Rolls-Royce (LSE: RR) shares have risen a long way from their 23 October 12-month traded low of £1.97. But as it consolidates its position in the elite investment grade of companies, I think it may well go higher over time.
However, I already have a holding in BAE Systems (LSE: BA) that operates broadly in the same business space.
To own both might unbalance the risk-reward profile of my stock portfolio. So, which one looks best for mw to own right now?
Relative valuations
On the key price-to-earnings (P/E) stock valuation measurement, Rolls-Royce trades at 17.9. BAE Systems is at 20.7.
Both firms occupy the bottom two spots in their competitor group, which has an average P/E of 43.3. So, both look very cheap on that basis.
A discounted cash flow analysis shows Rolls-Royce to be 54% undervalued at its present price of £5.25. BAE Systems is 23% undervalued at £12.75.
Therefore, a fair value for Rolls-Royce shares would be £11.41, and for BAE Systems £16.56. Both could go lower or higher, given the vagaries of the market, of course.
Nonetheless, a win here for Rolls-Royce, I think.
Revenue and earnings prospects
A company’s share price (and dividend) are ultimately driven by rises in revenue and earnings. Revenue is the total money a firm receives, while earnings are the money left after expenses and tax.
Consensus analysts’ estimates show a major difference between the two firms’ prospects in one key regard to 2027.
Revenues at both are expected to climb: up 5.5% a year at Rolls-Royce and up 8.7% annually at BAE Systems.
But earnings at Rolls-Royce are expected to fall to end-2027 (albeit by just 0.09% a year), while BAE Systems’ are forecast to rise 7.3% annually.
A risk to Rolls-Royce is that its production capabilities do not keep up with its fast sales growth. This could lead to costly failures in products.
For BAE Systems, a risk is poor management of its foreign exchange exposure, given its huge international order book. This could produce big currency losses on market fluctuations.

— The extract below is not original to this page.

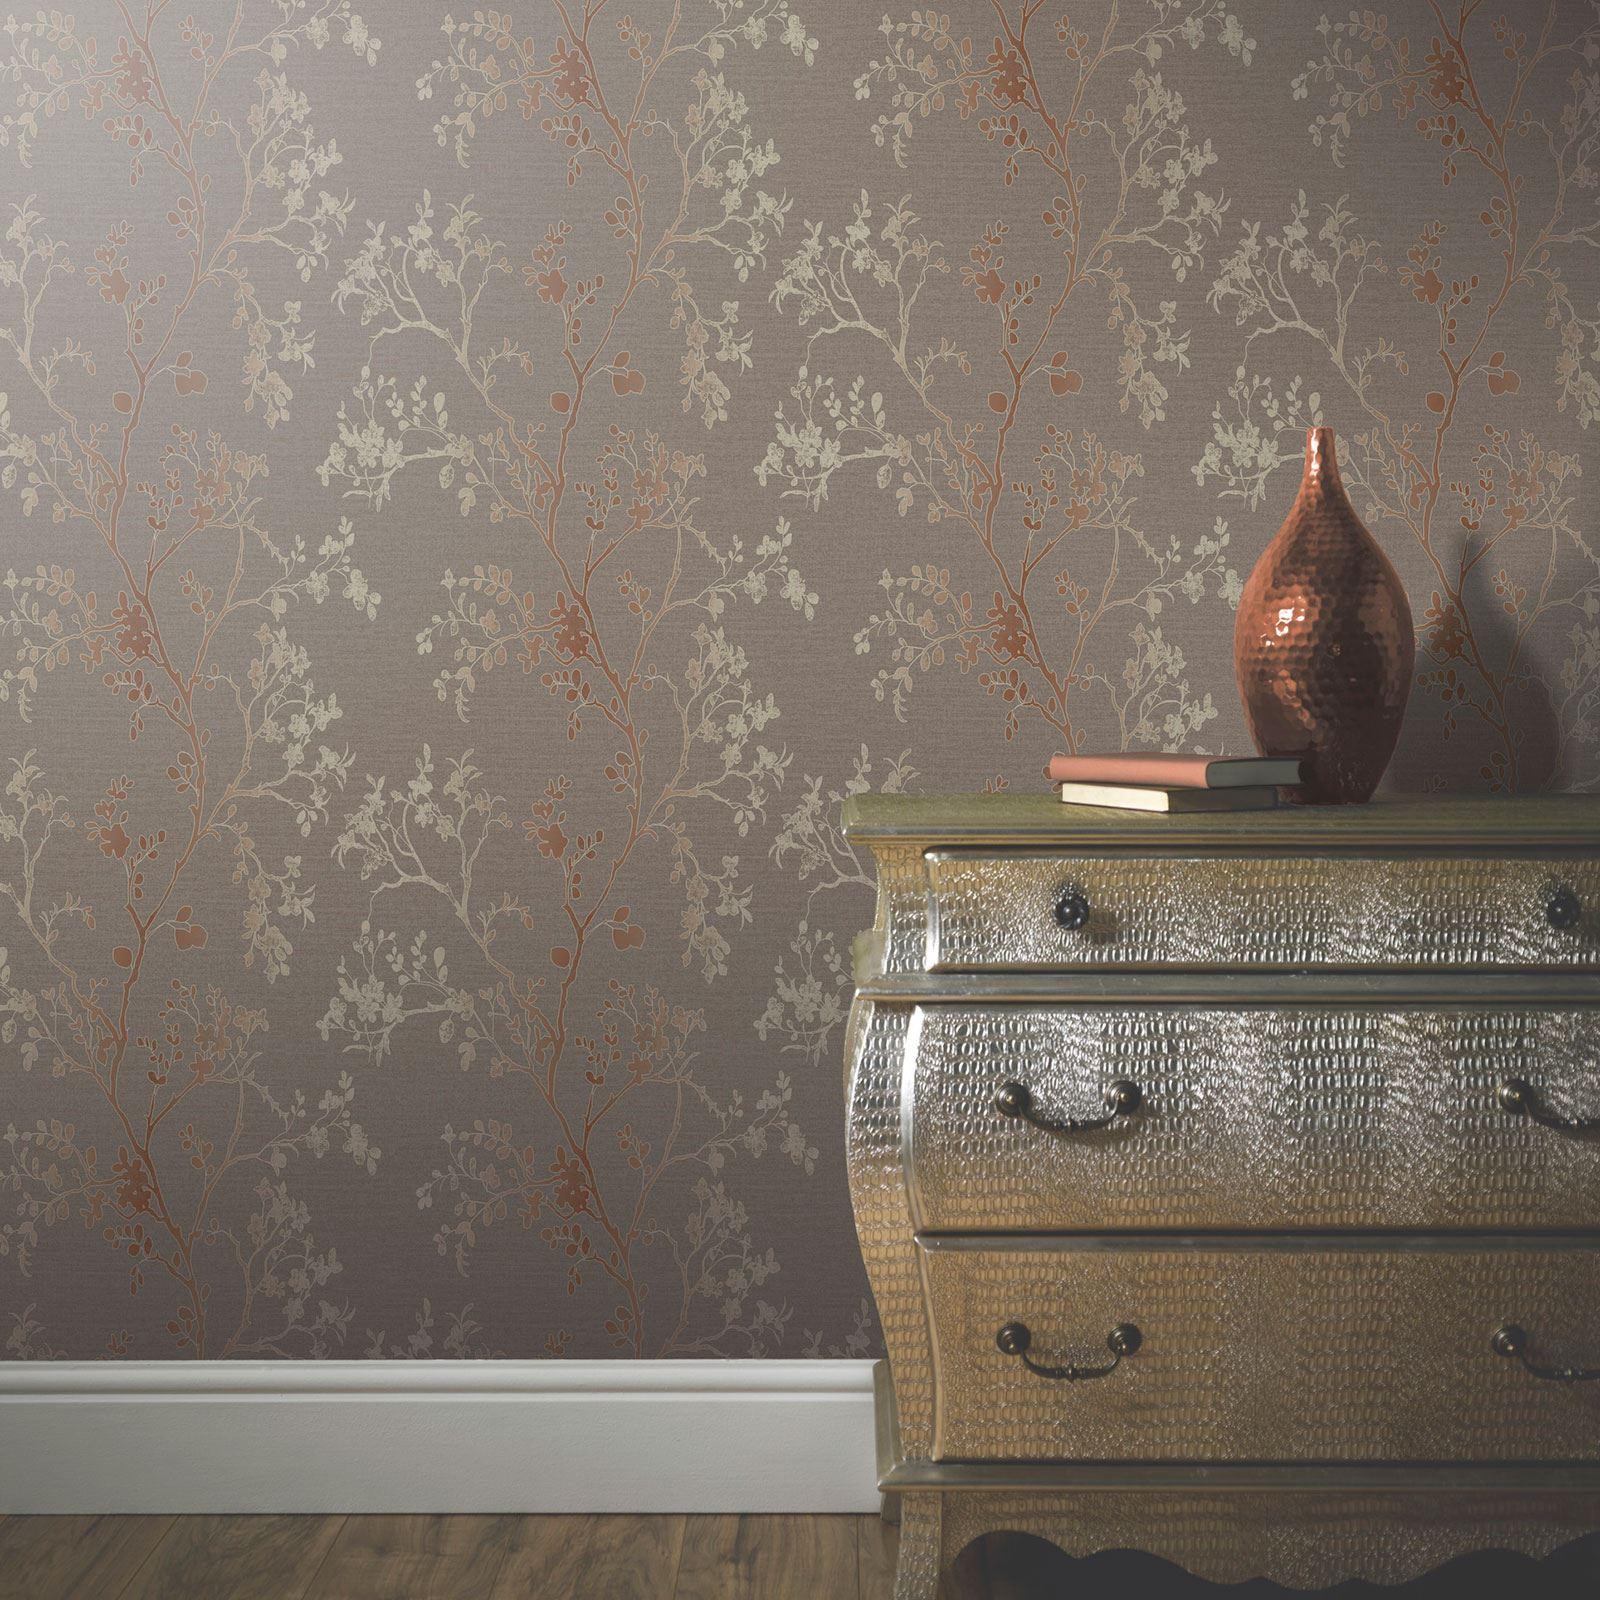 Download Wallpaper Harry Potter Rose Gold - 3a8e6b36-bb51-4387-b3d1-de135ae7a57c  Graphic_726725.jpg

Overall, though, a win here for BAE Systems, in my view.
Dividend yield generation
BAE Systems paid a total dividend in 2023 of 30p a share. This gives a yield on the current £12.75 share price of 2.4%.

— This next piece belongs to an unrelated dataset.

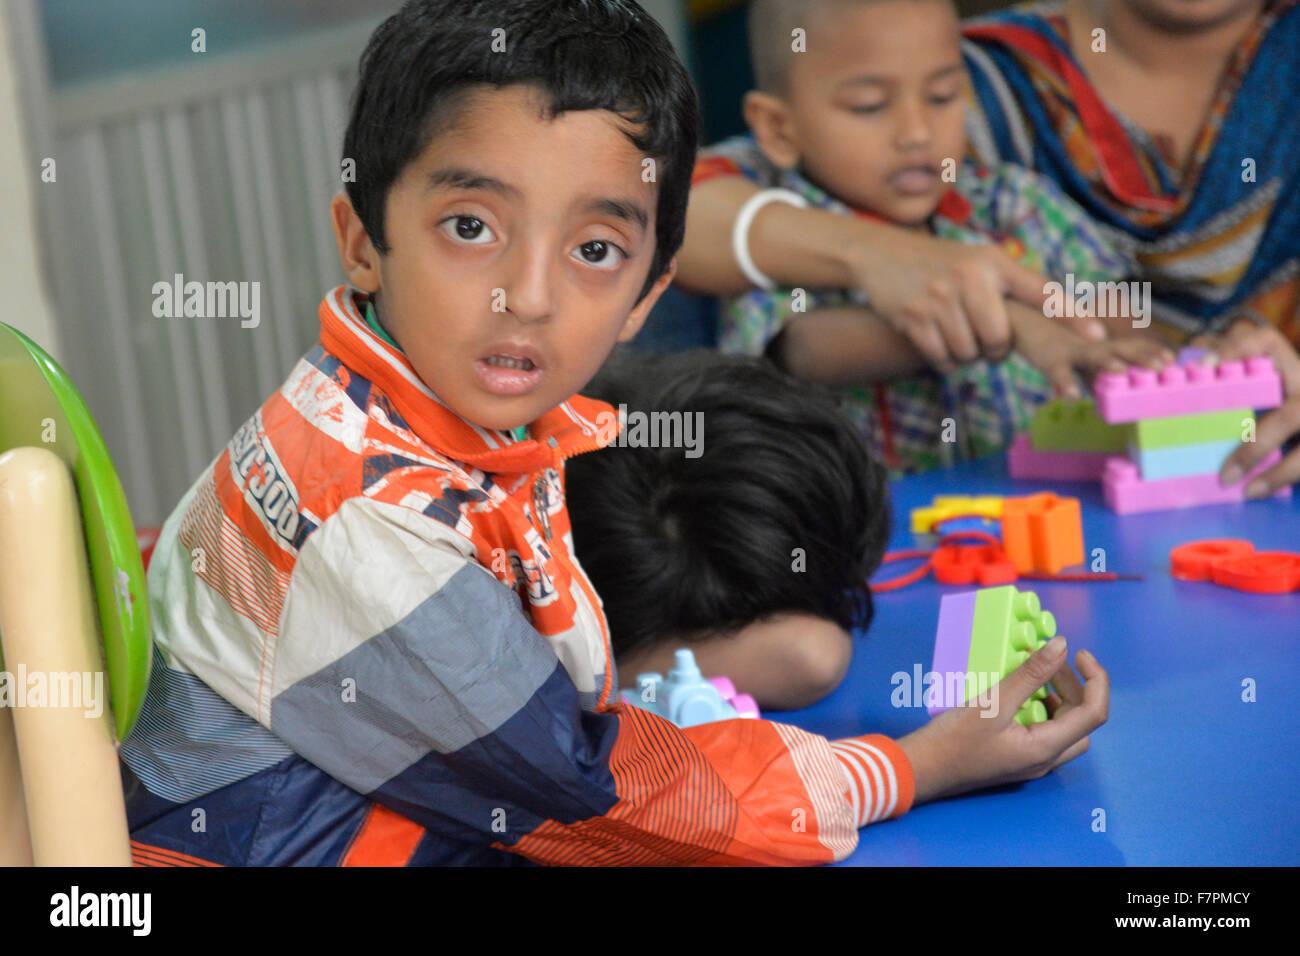 Bangladeshi Many Autistic Children Are Taking Speech And Language Therapy At Institute Of Paediatric Neurodisorder Autism In The Bangabandhu Sheikh

Analysts predict this will increase to 2.8% in 2025 and 3.1% in 2026.
Rolls-Royce currently pays no dividend but says it will introduce one this year. Analysts expect a 1.1% yield in 2025 and 1.6% in 2026.
So, a second win – and overall victory – for BAE Systems.
Which would I buy?
My holding in BAE Systems was built up over many years at a much lower average price than today’s. So, I am extremely content with this position.

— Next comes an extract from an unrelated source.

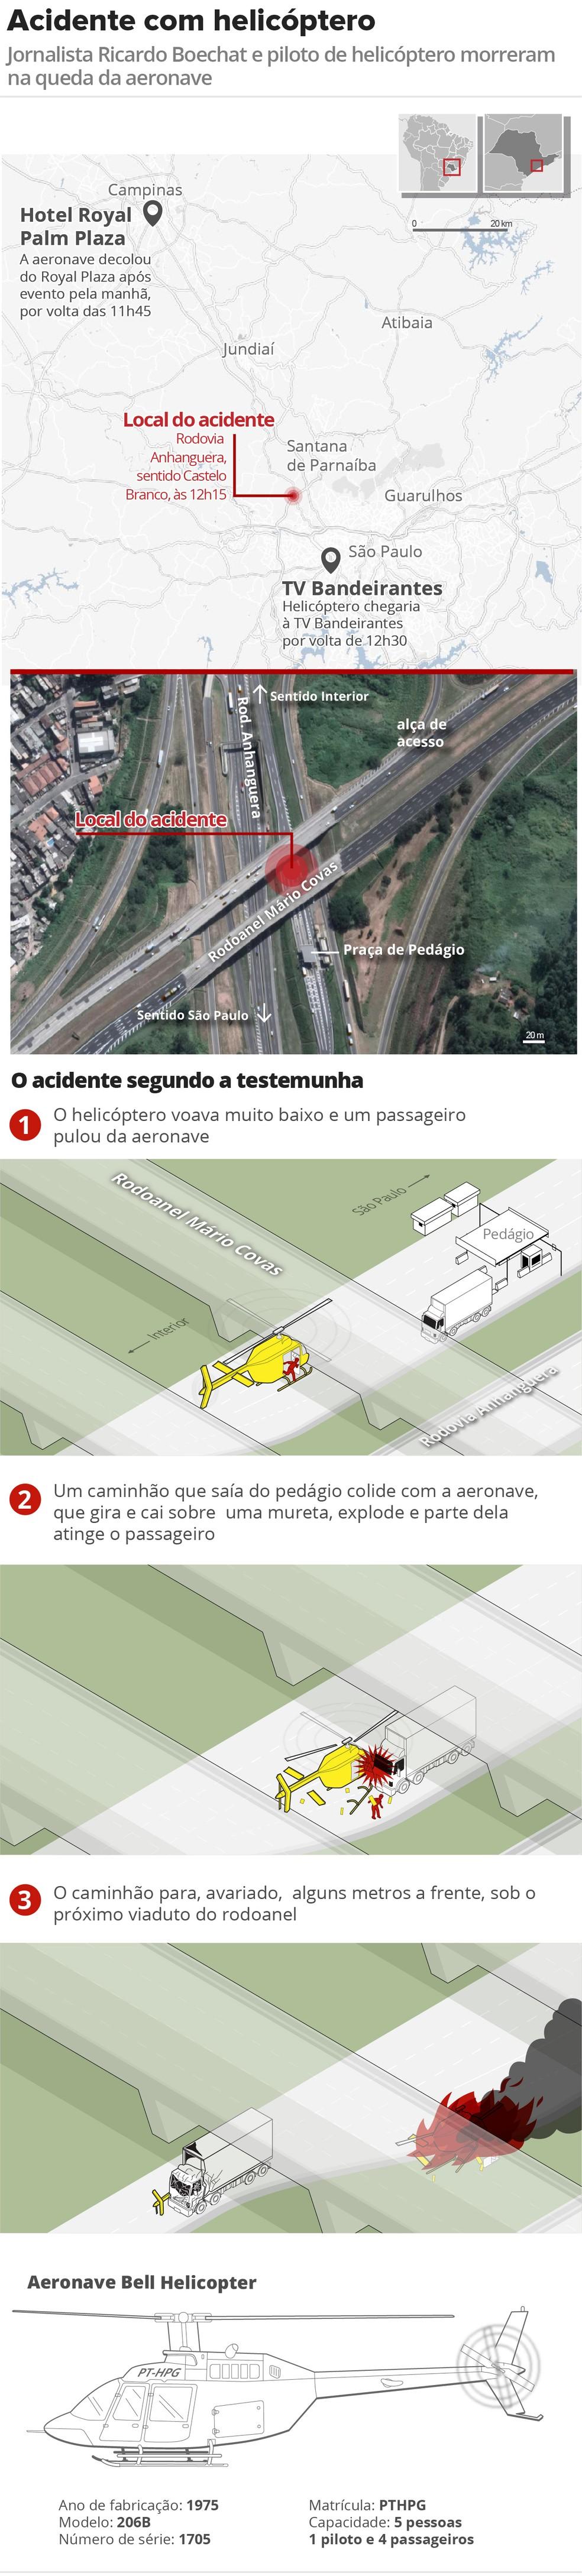 Veja como foi o acidente com o helicóptero que matou Boechat, segundo testemunha — Foto: Alexandre Mauro/Editoria de Arte/G1

That said, I would happily buy it today if I did not already own it. It has tremendous growth prospects in a strongly expanding sector, I think. And it also pays a reasonably decent dividend as well.
Nevertheless, I am a big fan of Rolls-Royce too. It also benefits from the burgeoning defence sector and should continue to do well, I think.
However, I would not have two stocks in the same sector at present, and BAE Systems is still my number one choice in the field.